The answer must consist only of the lines from the line with "IRIVNE, Kalifornien - 11." to the line with "patrick Bateman стоит", both included, exactly as they stand below.

RECORDS FOR THE EXERCISE |
■ ■ ■ ■
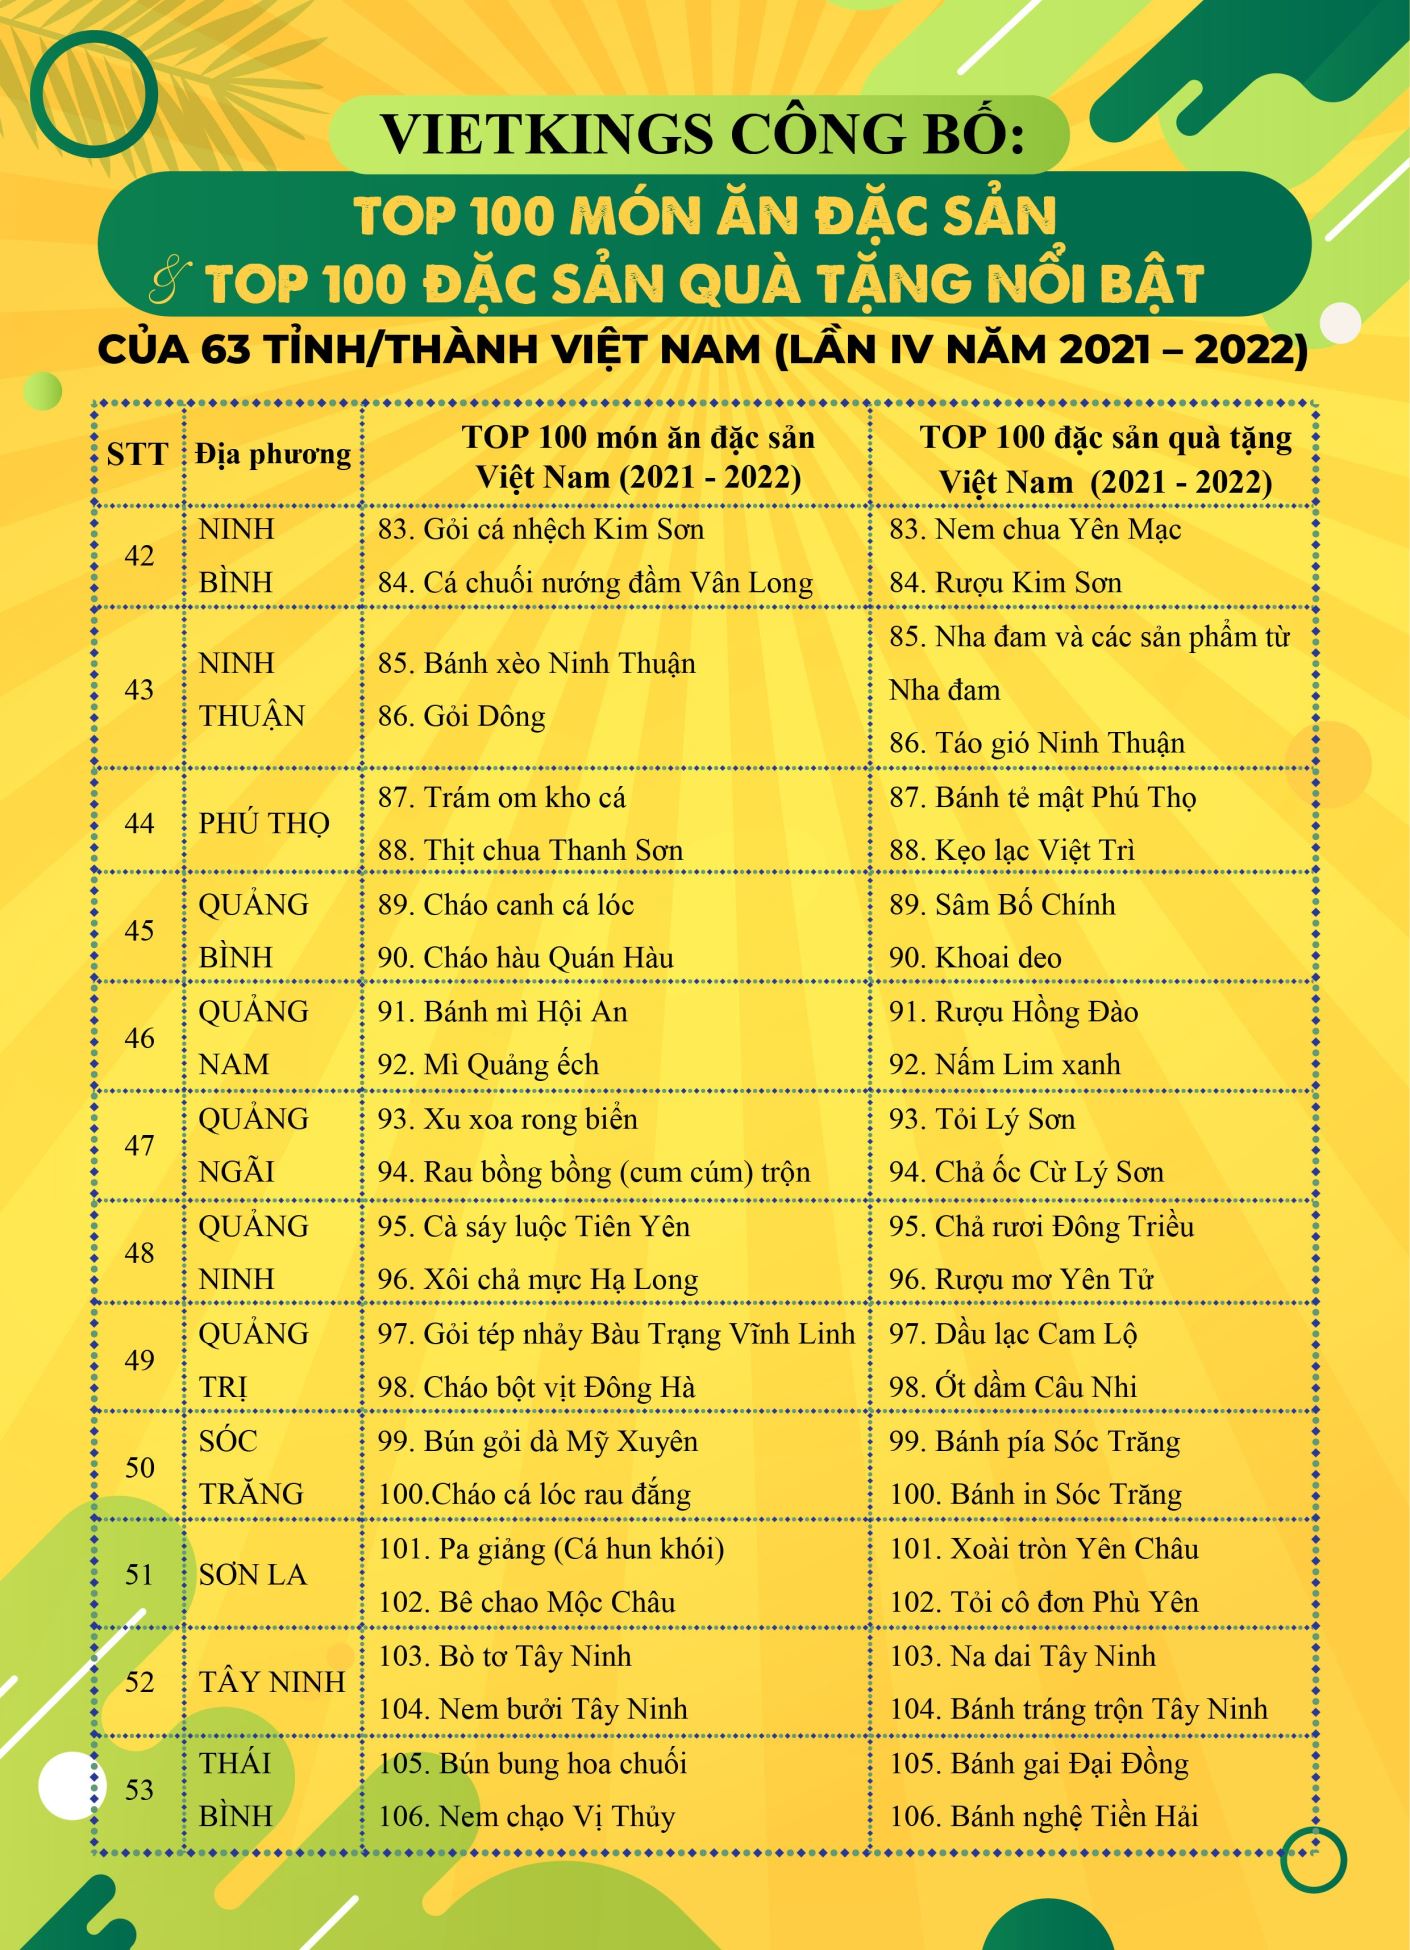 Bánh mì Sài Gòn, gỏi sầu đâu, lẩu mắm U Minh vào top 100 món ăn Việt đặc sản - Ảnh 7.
■ ■ ■ ■
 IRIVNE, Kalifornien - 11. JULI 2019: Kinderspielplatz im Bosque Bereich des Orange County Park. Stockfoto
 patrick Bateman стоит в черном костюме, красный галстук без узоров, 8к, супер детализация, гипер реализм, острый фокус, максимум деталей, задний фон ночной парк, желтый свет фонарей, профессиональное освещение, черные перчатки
■ ■ ■ ■
ANSWER AREA |
 IRIVNE, Kalifornien - 11. JULI 2019: Kinderspielplatz im Bosque Bereich des Orange County Park. Stockfoto
 patrick Bateman стоит в черном костюме, красный галстук без узоров, 8к, супер детализация, гипер реализм, острый фокус, максимум деталей, задний фон ночной парк, желтый свет фонарей, профессиональное освещение, черные перчатки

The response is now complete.